**Requirement**
Keep the pictures out, and restate the listing that follows exactly as written.

**Data block**
:::

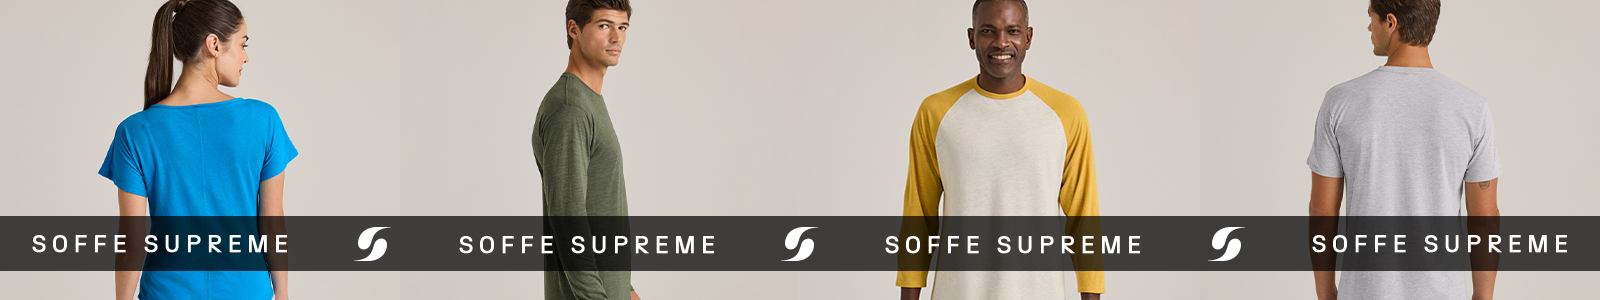 Soffe Supreme Collection
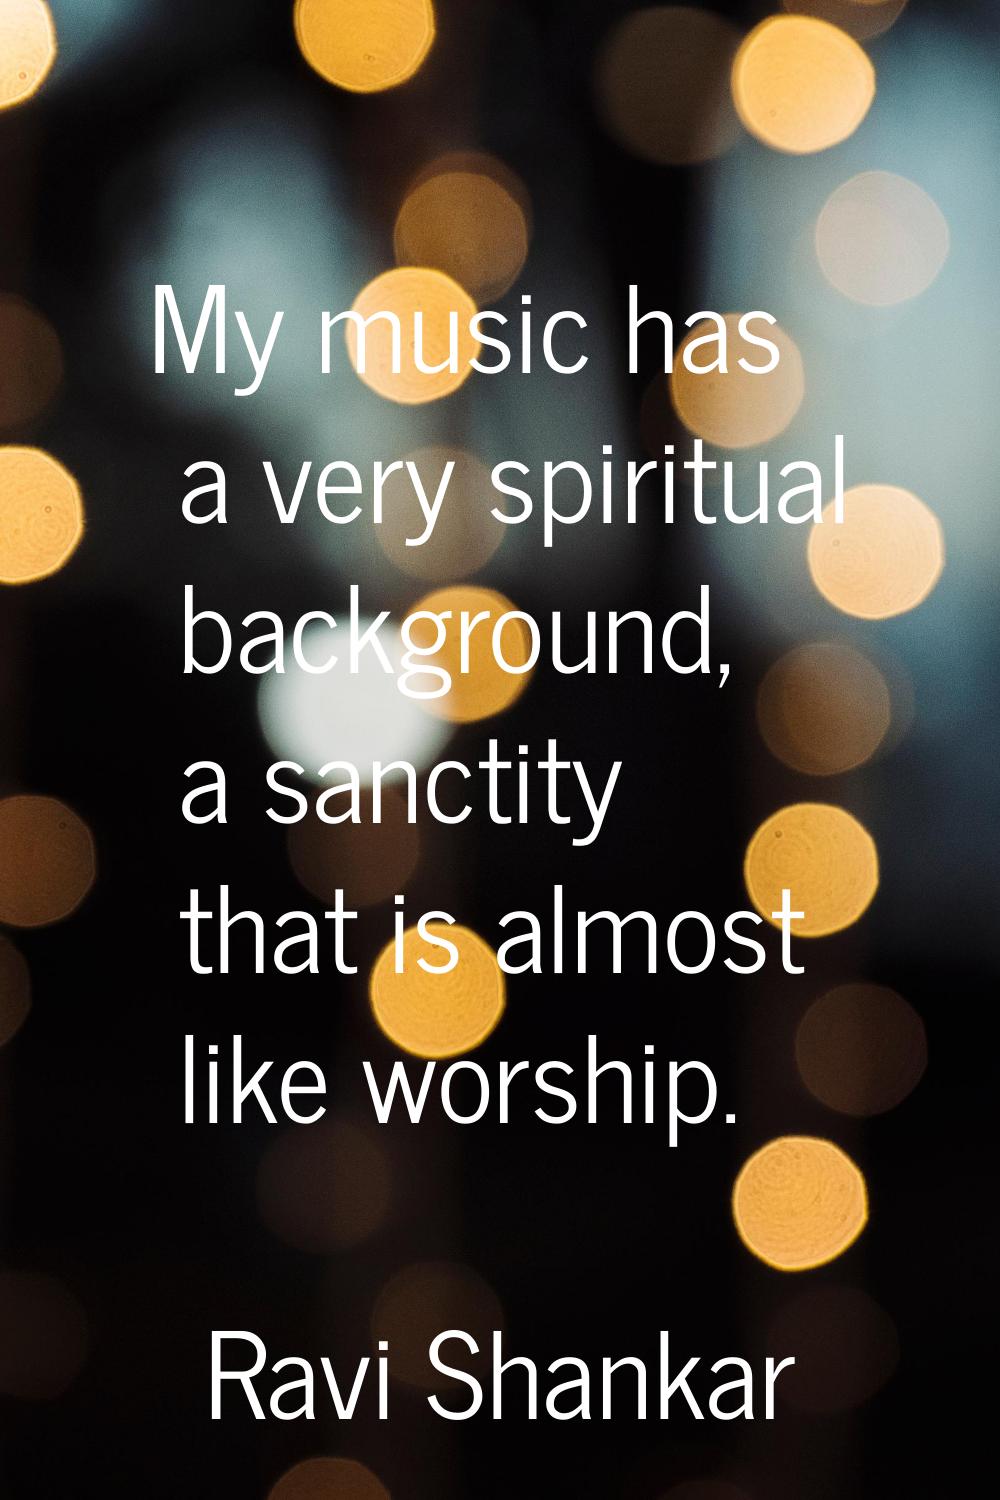 My music has a very spiritual background, a sanctity that is almost like worship.
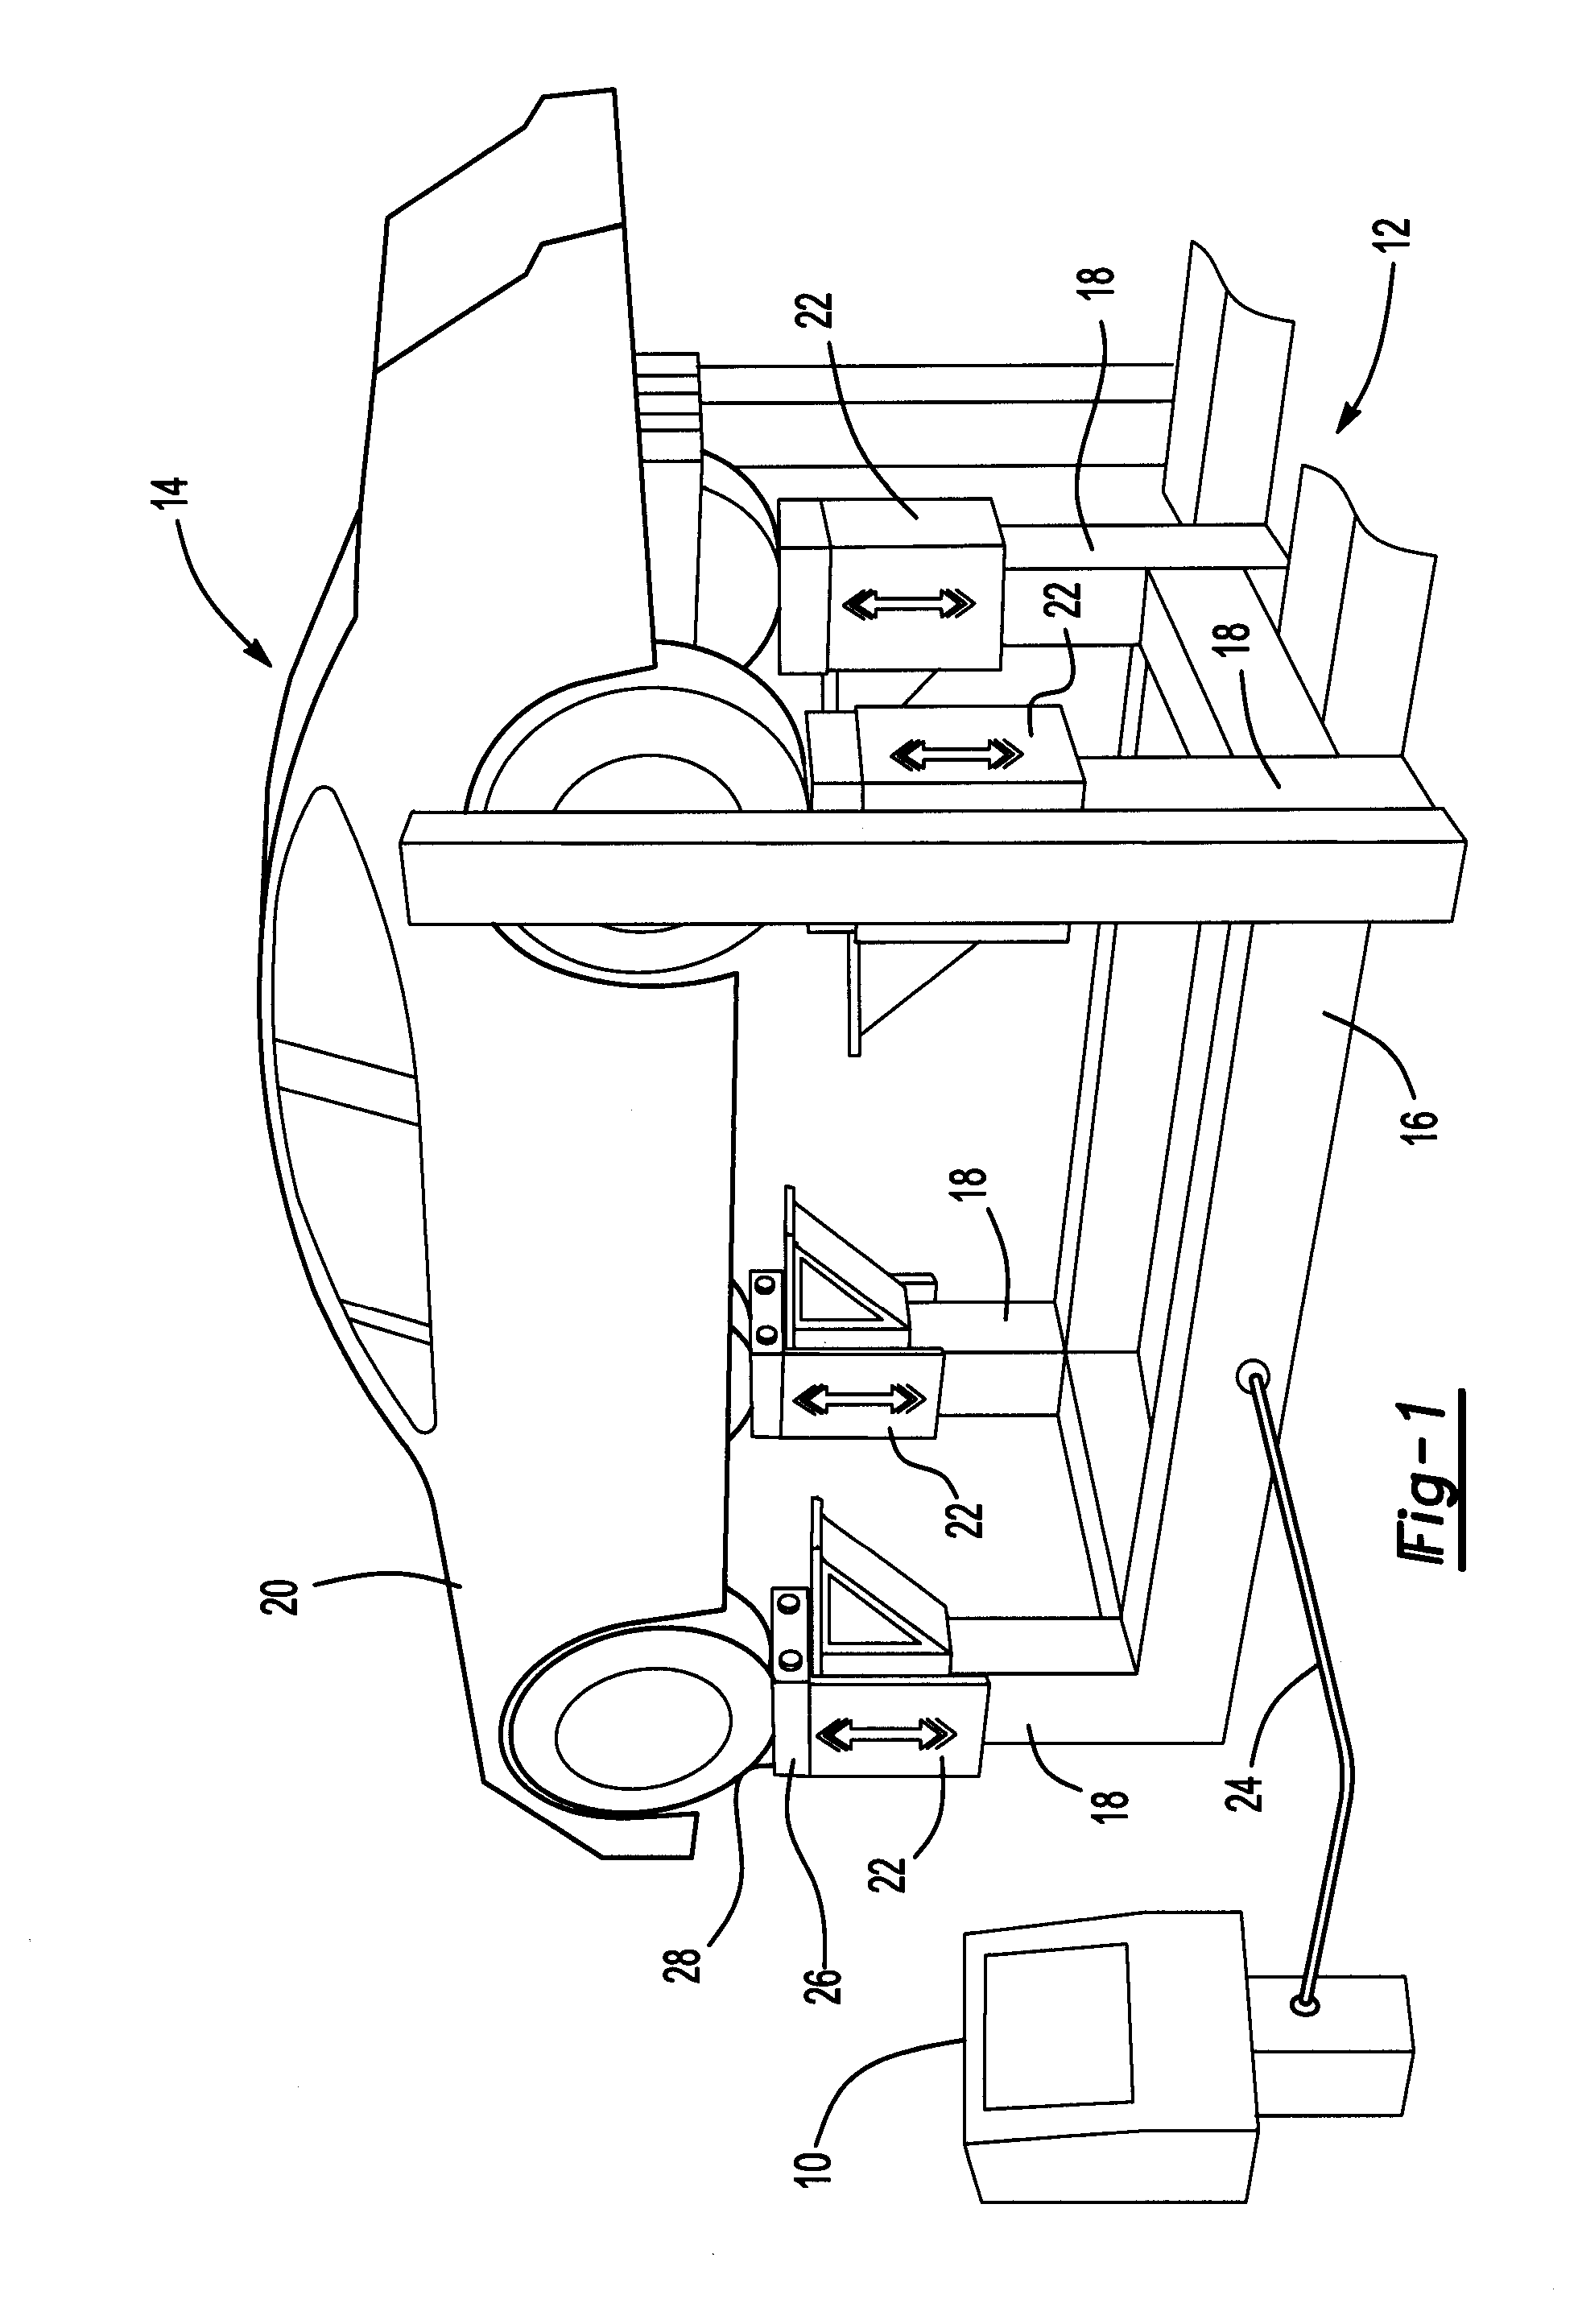 System and method for testing a vehicle suspension

:::

**Finished exercise**
 Soffe Supreme Collection
 My music has a very spiritual background, a sanctity that is almost like worship.
 System and method for testing a vehicle suspension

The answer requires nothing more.